On assiste donc au déplacement de la compétition au sein d’un parti ou d’une coalition, d’une part, d’autre part à l’importance des jeux en amont, du ralliement ou de la défection en fonction des résultats attendus.

Le parti du pouvoir était, sous le régime précédent, le lieu d’un certain pluralisme. E. Chévardnadzé maintenait un équilibre entre différents groupes d’intérêt cooptés. Or les orientations politiques pouvaient constituer une ligne de partage entre ceux-ci. Ainsi, son entourage se composait notamment d’un groupe d’anciens cadres issus de la nomenklatura, politiquement conservateurs et plutôt pro-russes, et d’un groupe de « réformateurs » pro-occidentaux, autour de la figure de Z. Jvania. Issu du petit parti Vert, il devient secrétaire de l’UCG en 1993, puis président du parlement élu en 1995. C’est lui qui attire à l’UCG d’autres jeunes réformateurs tels M. Saakachvili.

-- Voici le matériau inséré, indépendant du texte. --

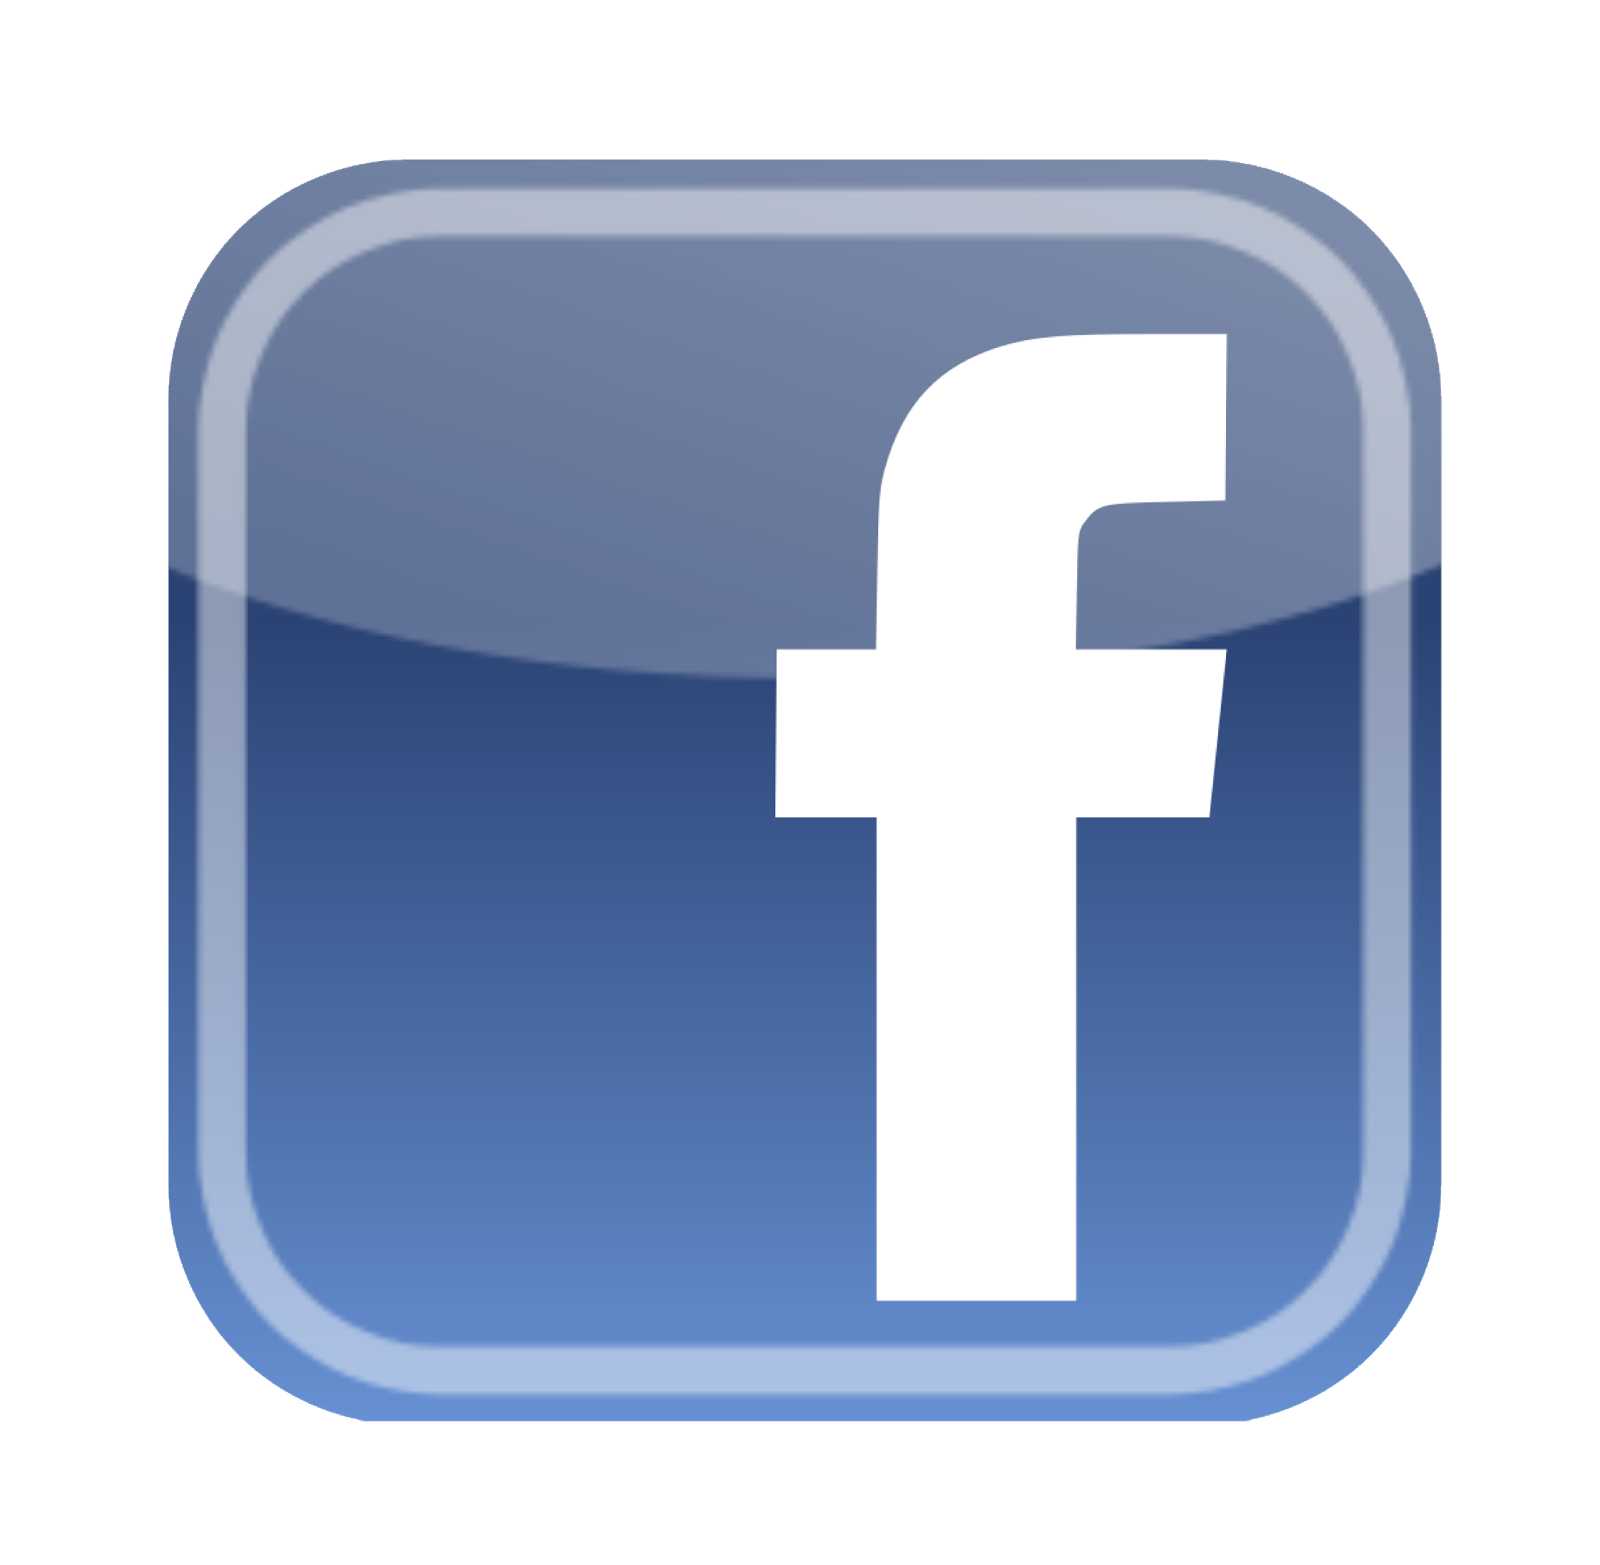 Zapraszam też na moją stronę na Facebooku :)

Les logiques d’anticipation jouent également un rôle fondamental, et les élections ne sont donc qu’une procédure d’enregistrement de changements d’équipe qui ont eu lieu en amont. Le meilleur exemple en est les élections

de janvier 2004, où tout le monde s’est rallié à M. Saakachvili après la « révolution des roses ». Dans le sud du pays, en Djavakhétie, parmi les deux « clans » traditionnels qui s’opposent étaient parvenus à se faire coopter tous deux par l’équipe d’E. Chévardnadzé, l’un est devenu chef de campagne de MS, l’autre a obtenu des candidats sur la liste de Z. Jvania – N. Burdjanadze36. On anticipe sur quel candidat miser, en amont et si l’on sait

lequel va gagner, on cherche à se rallier à lui le plus tôt possible. Le nombre de voix que l’on est capable de lui apporter constitue la marque de l’allégeance, le tribut qui lui est délivré, et autant de promesses de nomination à un poste enviable dans la bureaucratie locale. La concurrence se fait donc entre ceux qui sont capables d’assurer le plus de voix possibles, de préférence avec le moins de fraude possible.

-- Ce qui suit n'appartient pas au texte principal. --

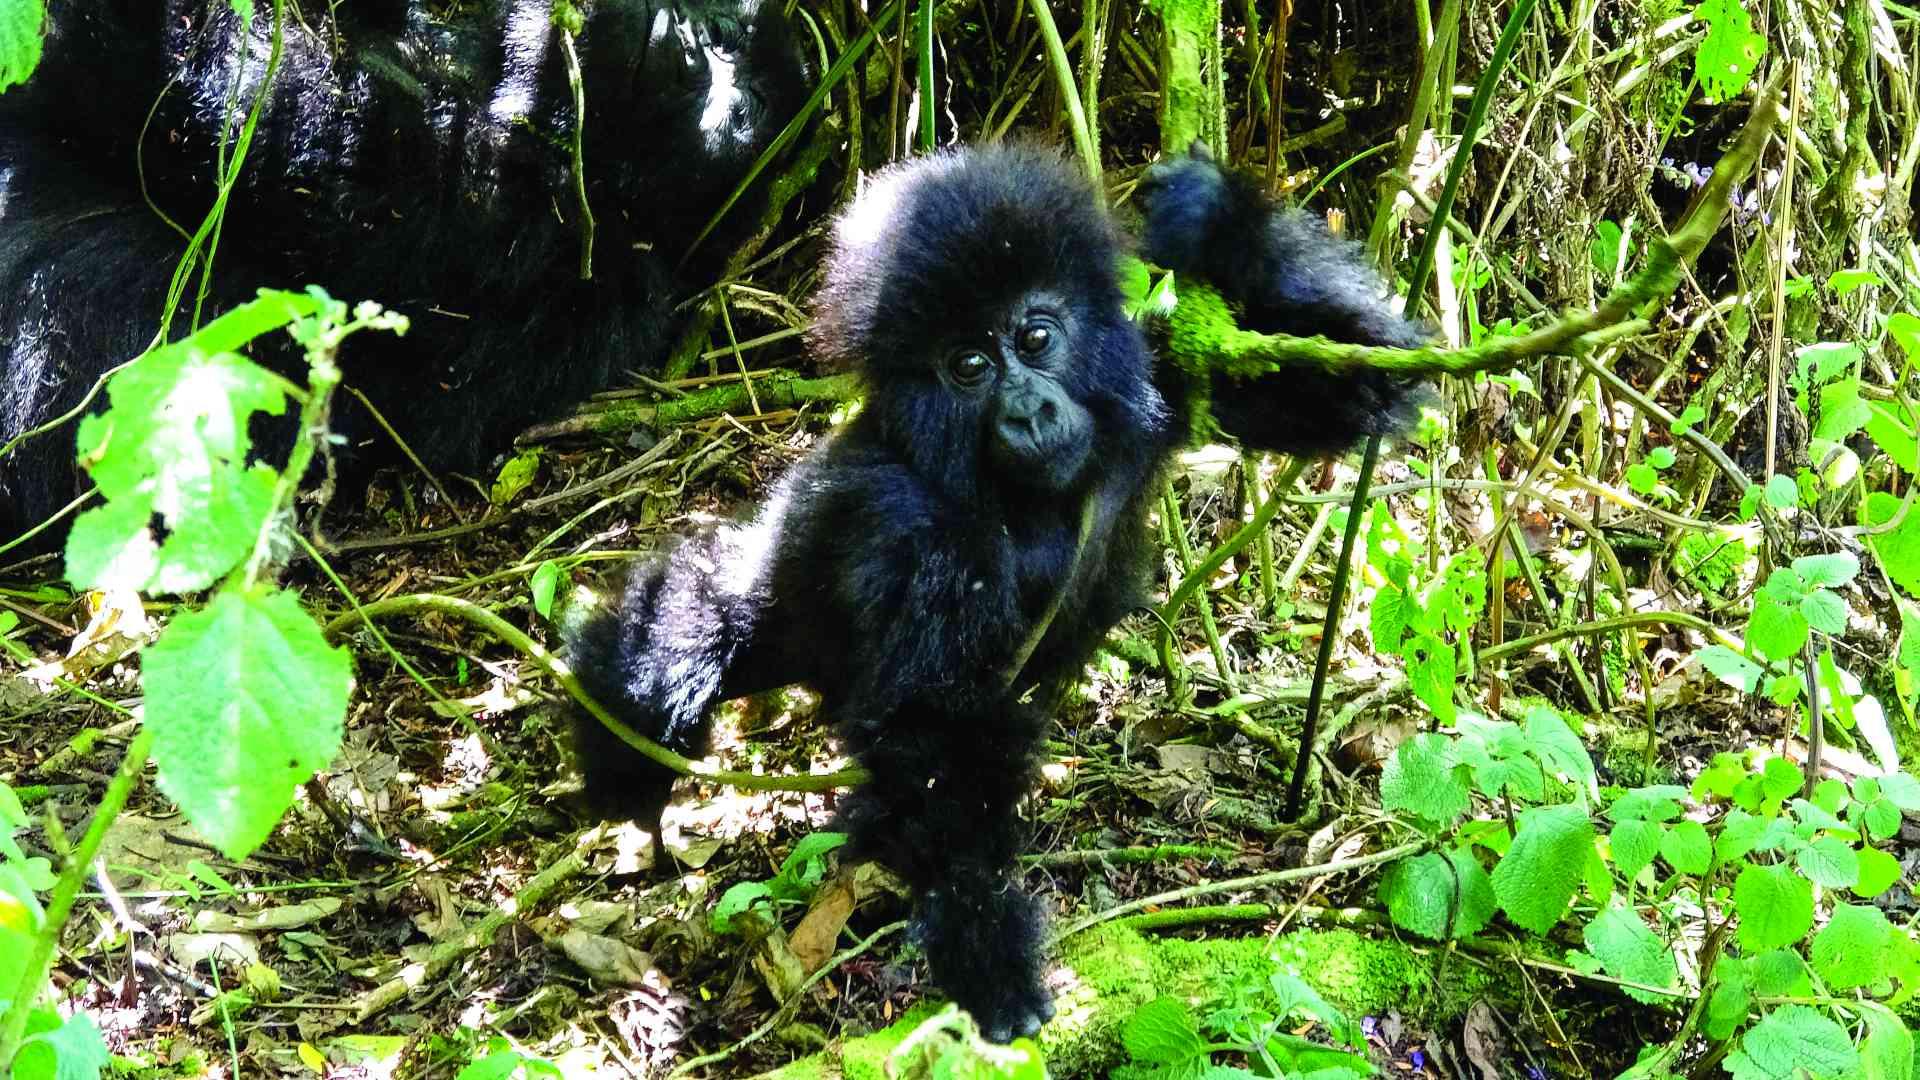 Gorilla, Rwanda by Dennis Bunnik

Il est trop tôt pour juger les effets du volontarisme politique de la nouvelle équipe au pouvoir, même si les premiers résultats ne sont pas encourageants, et l’opposition plus affaiblie que jamais. Mais il est impossible d’imputer aux autorités la responsabilité entière de la difficulté à transformer le système. Les obstacles sont considérables en raison du poids des héritages soviétiques : socialisation dans le cadre du parti unique, force des réseaux informels à tous les échelons de la société, utilisation généralisée des « ressources administratives », notamment au niveau local, etc. Le mode de gouvernement d’E. Chévardnadzé, qui reposait sur l’équilibre et la concurrence entre différents clans cooptés, a pérennisé ces pratiques. De cette manière, il a pu contribuer au maintien du système politique, mais le prix à payer a été son incapacité à agir pour le bien public. Son éviction de la vie publique est imputable à cet échec.

Conclusion

Les partis ne sont pas parvenus à jouer un rôle majeur sur la scène politique, à la différence de l’Europe de l’Est. Ils n’ont pas constitué des arènes de débat, ne sont pas, ou sont peu des lieux ou des agents de socialisation. Les principaux acteurs ont toujours été les milices paramilitaires et les réseaux oligarchiques autour d’E. Chévardnadzé et d’A. Abachidzé. Le cas géorgien montre que la diversité de l’offre partisane n’est pas nécessairement corrélée au pluralisme des options politiques. La faiblesse de la scène partisane dément le présupposé – parfois partagé par les acteurs – que le passage du parti unique au multipartisme disqualifiait automatiquement de la scène politique les pratiques et logiques qui lui étaient liées et met à mal une vision téléologique de la transition.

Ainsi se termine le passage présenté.